The existing rocky path winds between large trees and humped islands of asphalt chunks. Fresh clumps of maple leaves and rafts of nascent honeysuckle blooms overhang the path. The avid birdsong makes the nearby wooden fencing of neighboring properties seem much farther away than it is.

Volunteers crunched through withered oak leaves, brittle pine needles and an encroaching carpet of the season’s first weeds. As participants got to work clearing the brush that blocked the trail route, the raw, earthy fragrance of freshly snapped green wood filled the air.

The crew worked their way down the steep embankment and along a winding course to emerge on the old sidewalk of Emlen Street – another target of their clippers.

Susan arrived with a van full of hefty shovels and hoes, and David instructed volunteers on reclaiming the long-buried sidewalk from the woods. “It’s been twenty or thirty years since this was clear,” he said.

In that sense, this stretch of the project is as much a safety initiative as a recreational one, keeping people out of the speedy, curving roadway, where they often stroll for lack of a usable sidewalk.
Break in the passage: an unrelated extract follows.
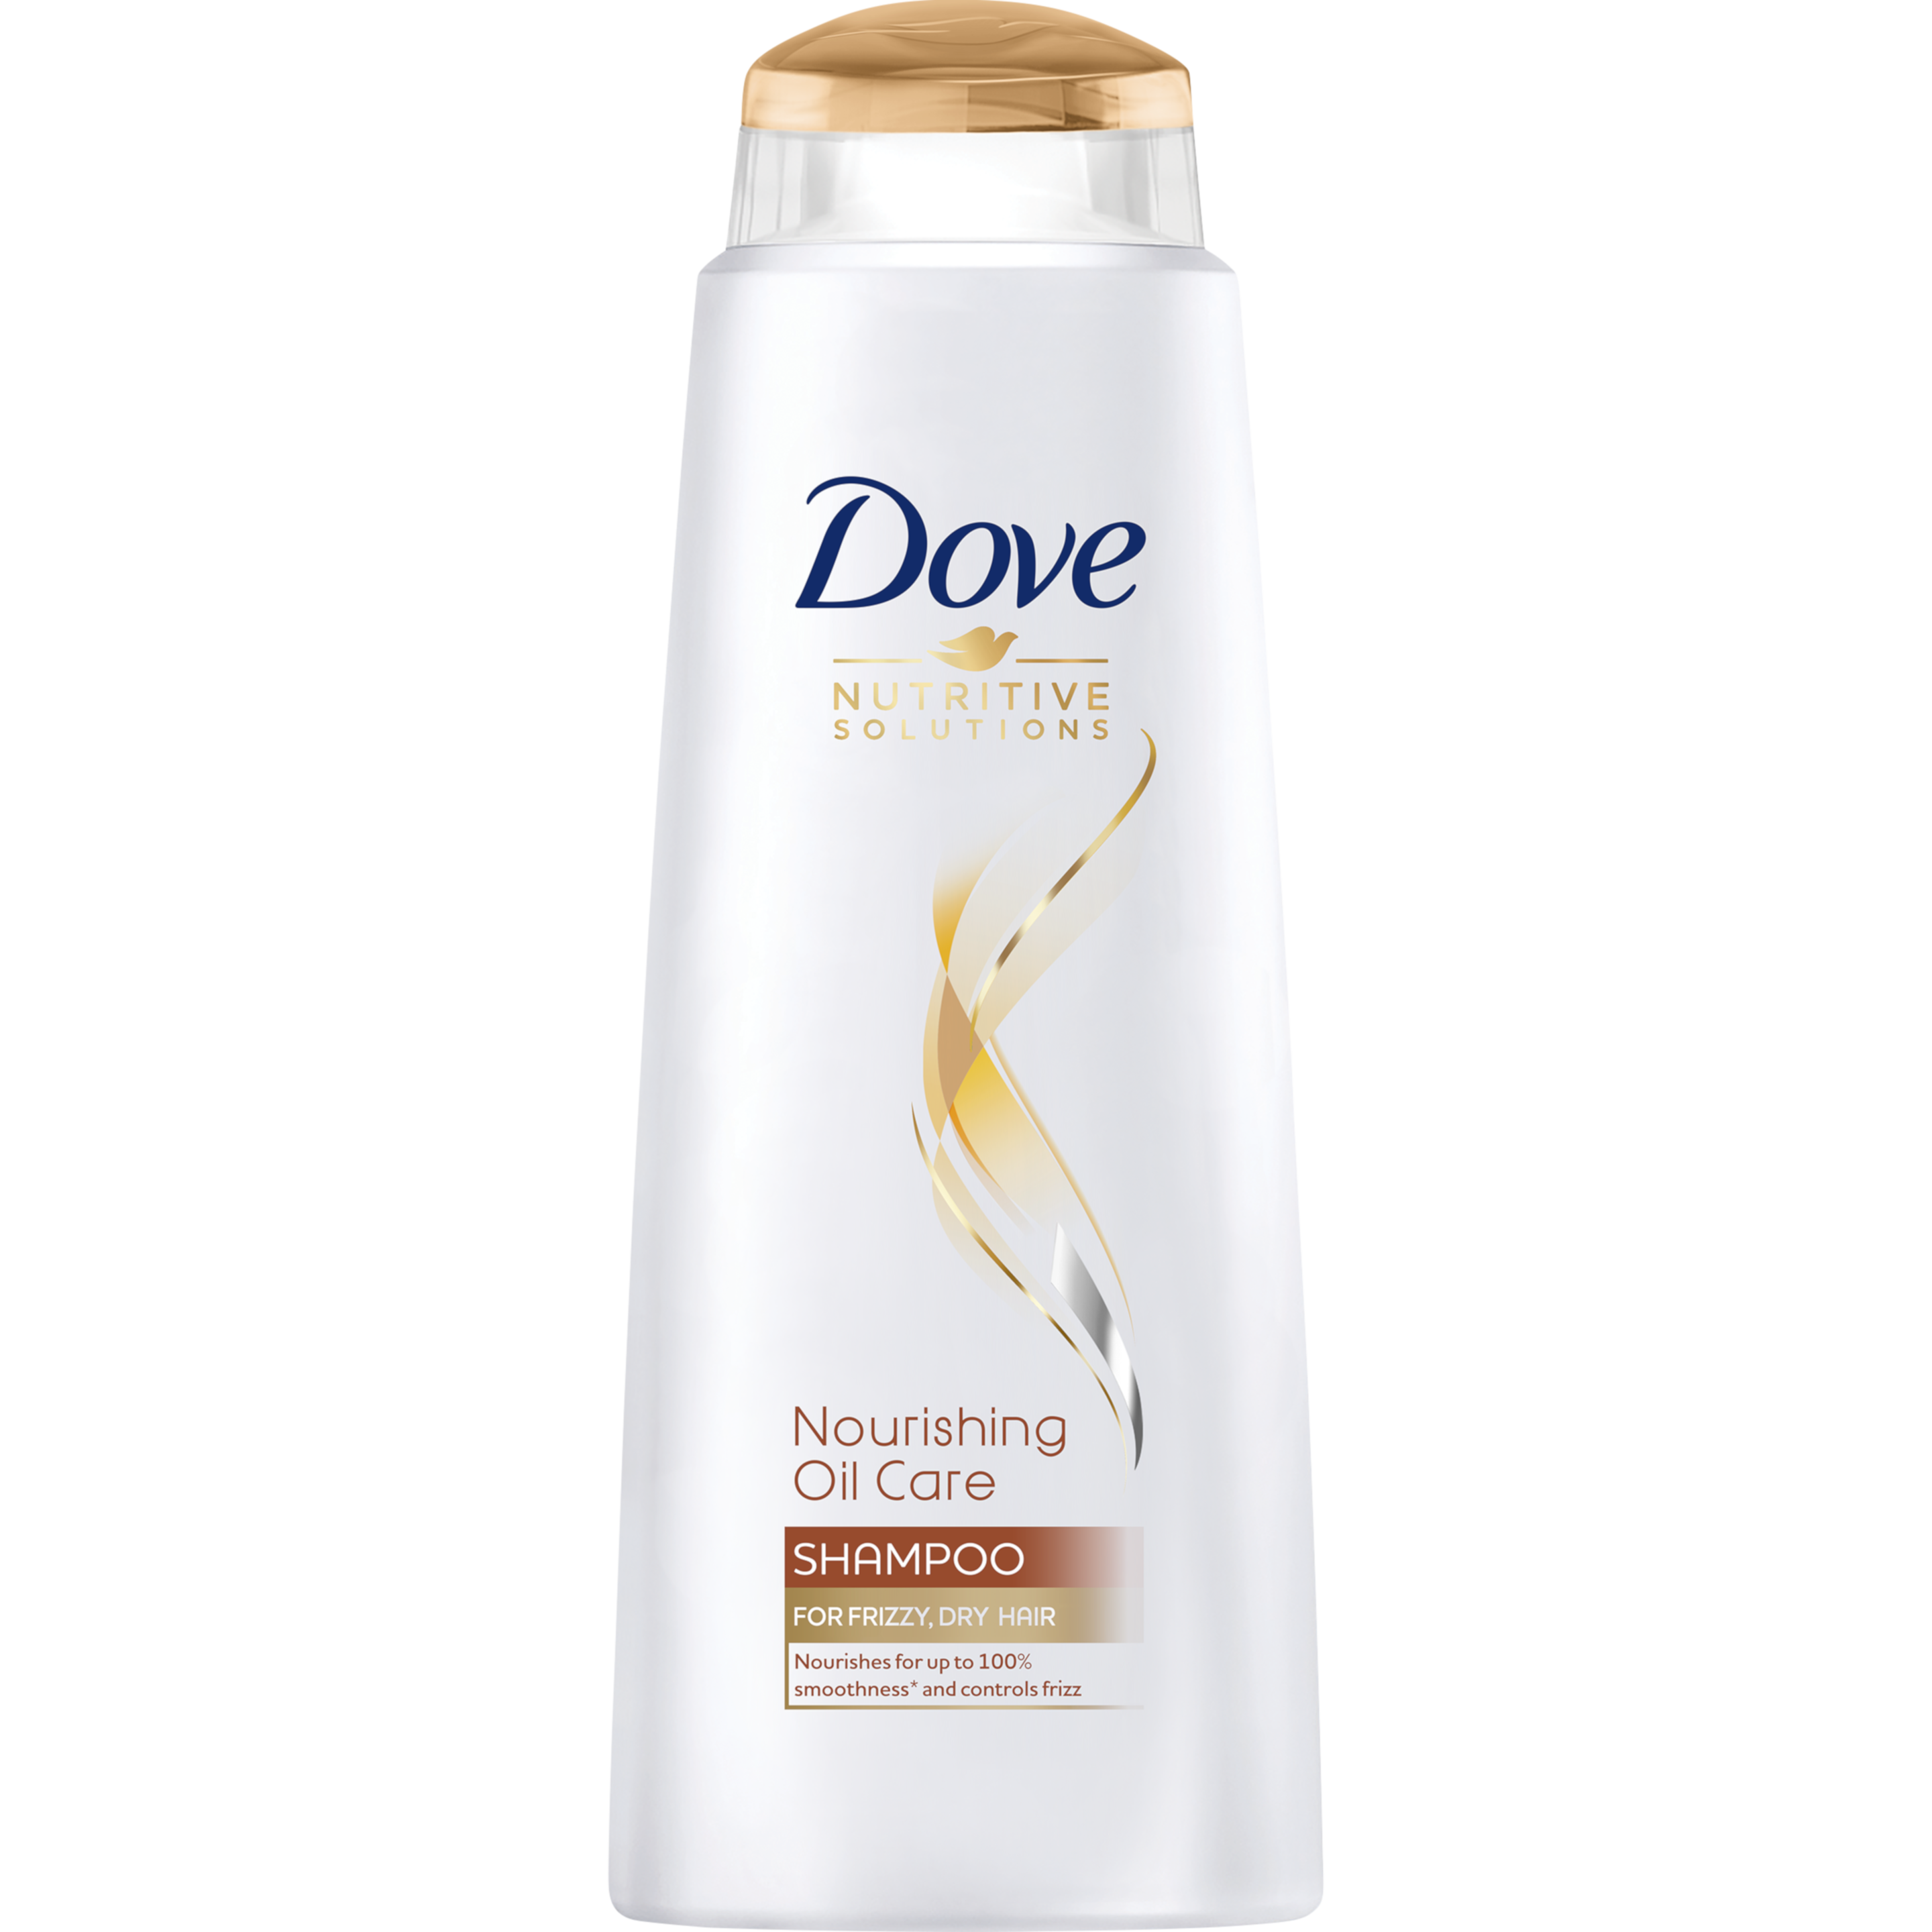 szampon dove oil opinie

“This is something the Friends of the Wissahickon really wanted to do,” Susan said. “A lot of people want to walk around here, and it’s not easy to do.”

The Friends of the Cresheim Trail and their partners will be hosting a “Love Your Park Workday” at 10am on May 12th. Participants should meet at the corner of Allens Lane and Lincoln Drive. Coffee, lunch, gloves and tools will be provided. Volunteers will help pick up trash, cut vines, and continue working on the emerging trail.